Combatente do Taleban equipa uma metralhadora enquanto realiza patrulha pelas ruas de Cabul. Foto: Wakil Kohsar / AFP

Isto começou nos postos espalhados em áreas rurais onde os soldados morriam de fome, não tinham mais munições e as unidades da polícia foram cercadas pelos combatentes do Taleban. Elas receberam livre trânsito desde que se rendessem, deixando para trás seu equipamento, dando lentamente aos insurgentes um controle cada vez maior das estradas e em seguida de distritos inteiros. À medida que as posições entravam em colapso, a queixa era quase sempre a mesma: Não havia suporte aéreo ou os seus fornecimentos de armas e alimentos tinham acabado.

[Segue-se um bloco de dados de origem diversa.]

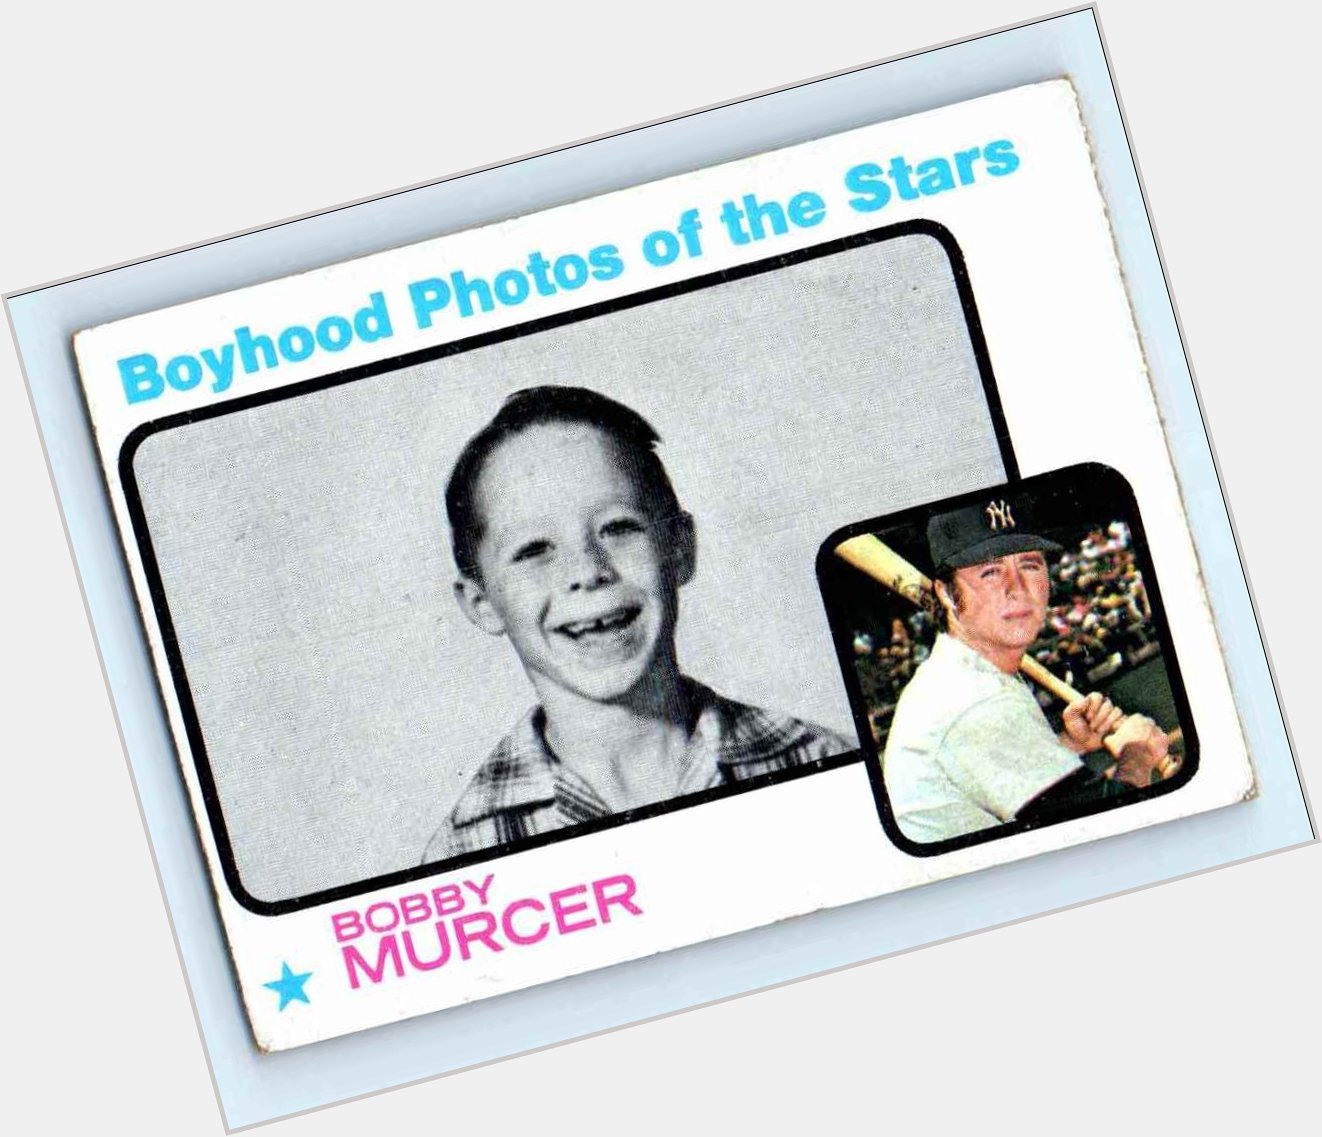 Happy birthday Bobby Murcer - RIP in Yankee heaven!

Mas mesmo antes disto, a debilidade sistêmica das forças de segurança afegãs - que no papel chegavam a cerca de 300 mil pessoas, mas nos últimos dias não passavam de cerca de um sexto disso, segundo os funcionários - era visível. Este rombo pode ser atribuído a numerosas questões geradas pela insistência do Ocidente em criar um exército totalmente moderno, com todas as complexidades logísticas e de fornecimento implícitas, o que se revelou insustentável sem os Estados Unidos e os aliados da OTAN.

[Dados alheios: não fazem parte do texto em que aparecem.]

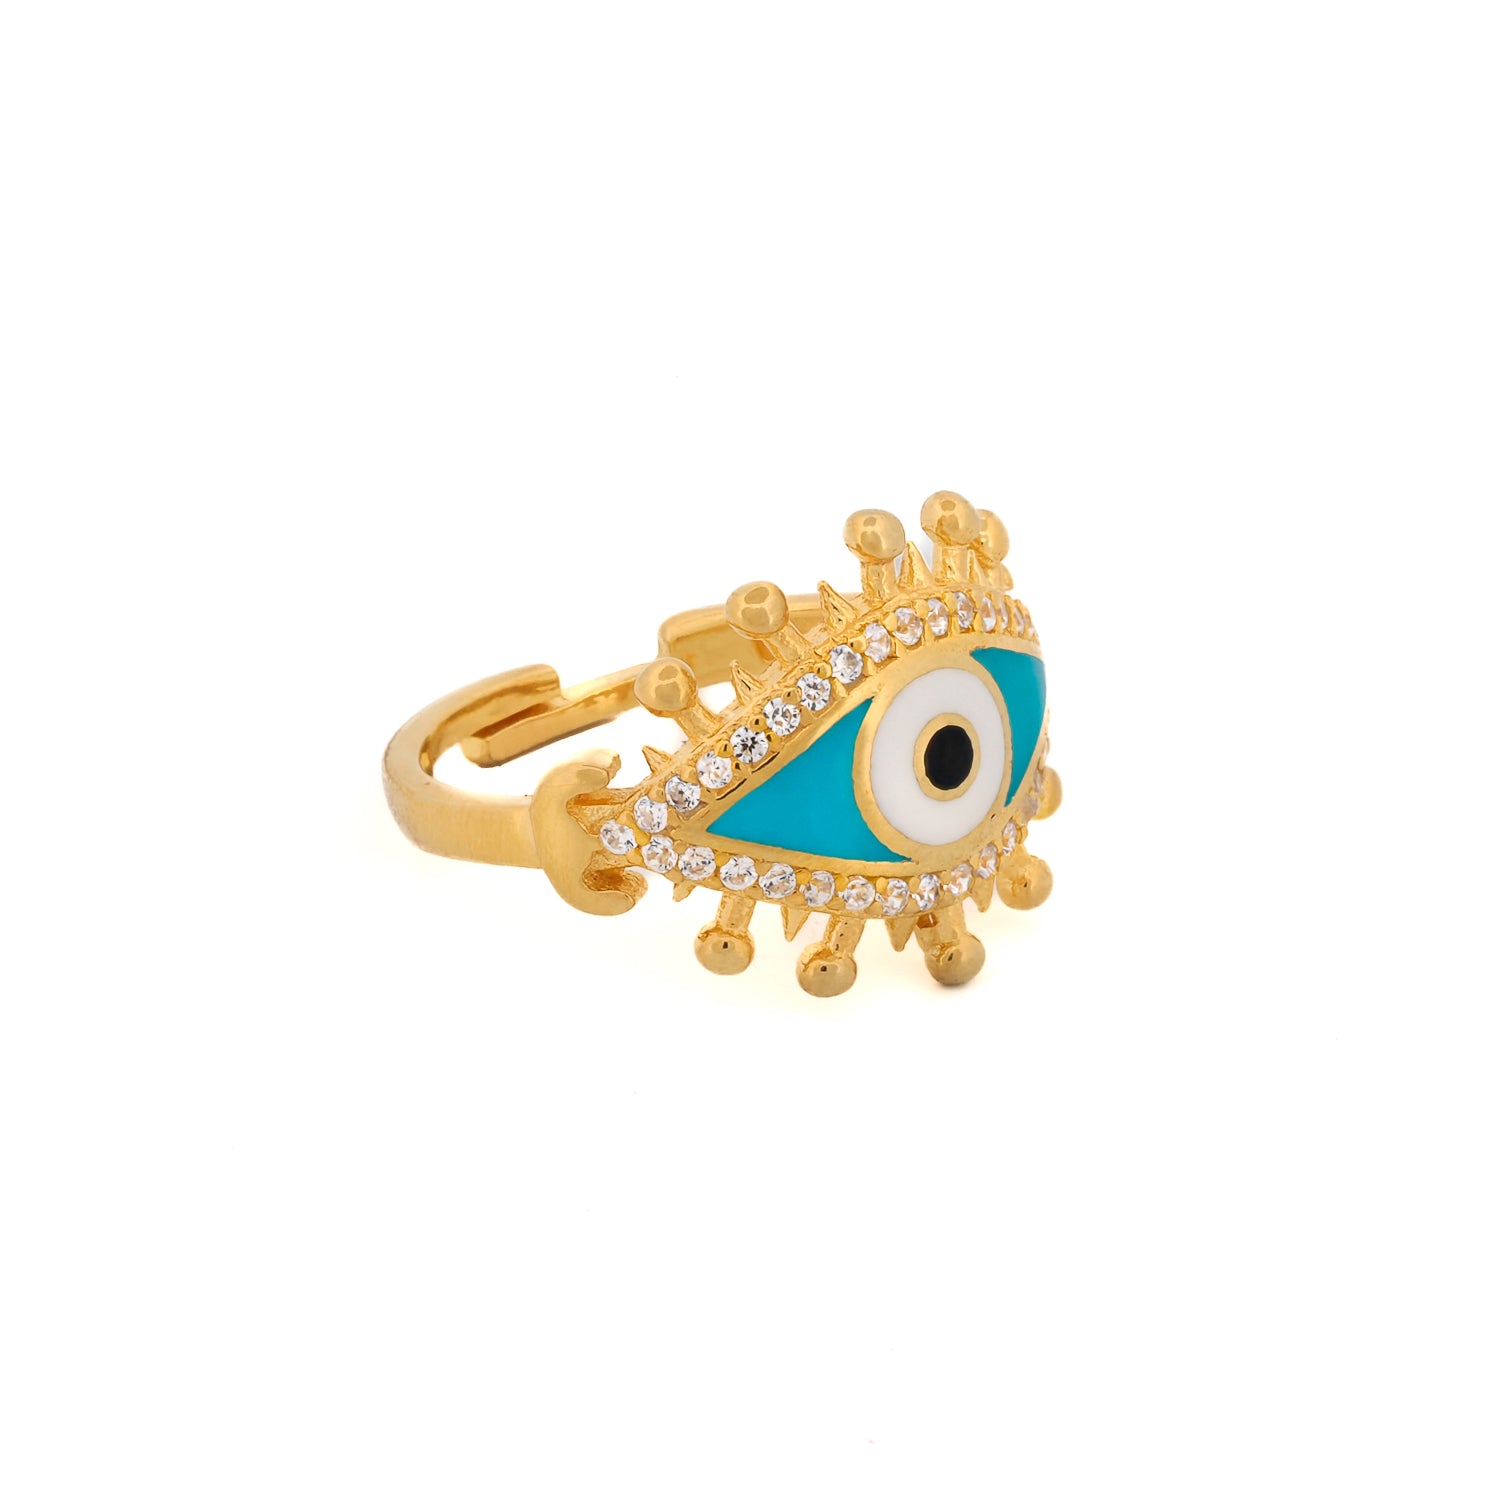 Vibrant Turquoise Enamel Evil Eye Ring

Soldados e policiais expressaram ressentimentos cada vez mais profundos contra a liderança afegã. Os funcionários muitas vezes fingiam não ver o que estava acontecendo embora estivessem perfeitamente conscientes de que o verdadeiro número do potencial humano das forças afegãs era muito inferior ao que constava nos livros, alterado pela corrupção e pelo sigilo tacitamente aceito.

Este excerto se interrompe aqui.